Sauchyn has been a part of the climate change discussion for the last four decades, watching the conversation change from an environmental issue, to a social issue, and then a business issue. He said it’s been only recently that adapting to climate change has been on people’s radar.

“People recovered and did things a bit differently, but it wasn’t like there is today. All the communities and municipalities, sectors of the economy, everybody’s in the process of developing a plan on how to deal with climate change, and that’s a radical task.”

Education is a huge part of both people’s ability to adapt to climate change and learning how to slow down the process, Sauchyn said, especially since climate change has been and will continue to impact every element of business, agriculture, and the economy. Being a teacher at the University of Regina with a student pool of 14,000, only 10 students a year register for the course.
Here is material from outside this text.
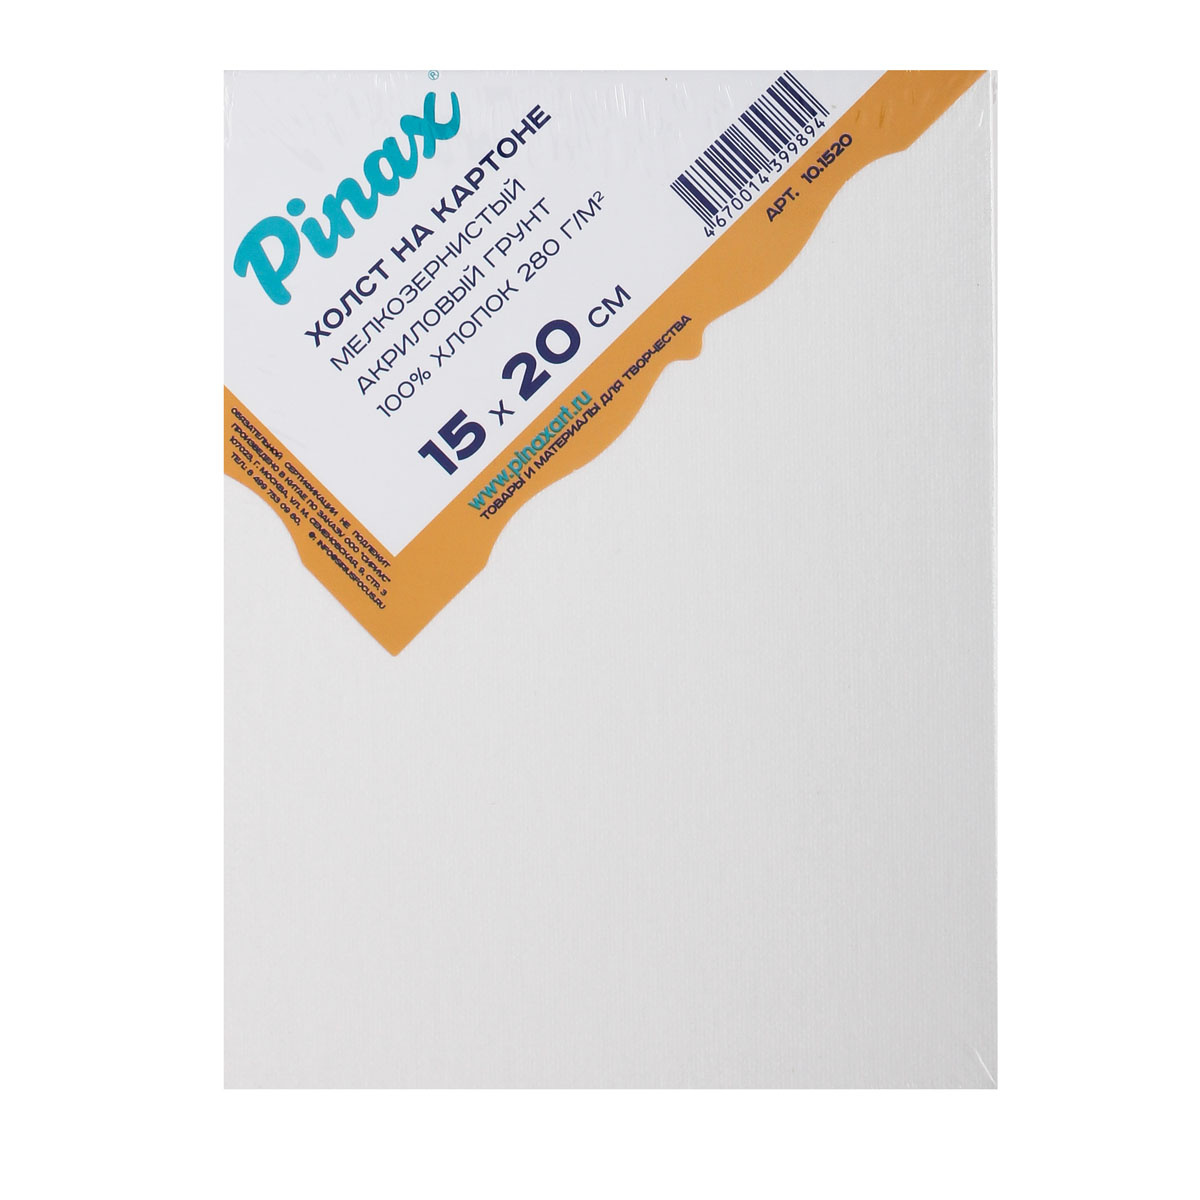 Холст грунтованный на картоне Pinax 280 г 15x20 см холст грунтованный на картоне pinax 280 г 60x70 см

This isn’t good enough, he said.

“We’ve always downplayed the role that knowledge of nature in our environment plays in the planning process. And all of a sudden, with what’s called ESG, environment, social and governance, all of a sudden, we have to educate all these people about the value of the environment, how it works, because it’s never been a part of their education.”

Slowing down climate change is possible, said Sauchyn, but adapting to what is coming is just as important.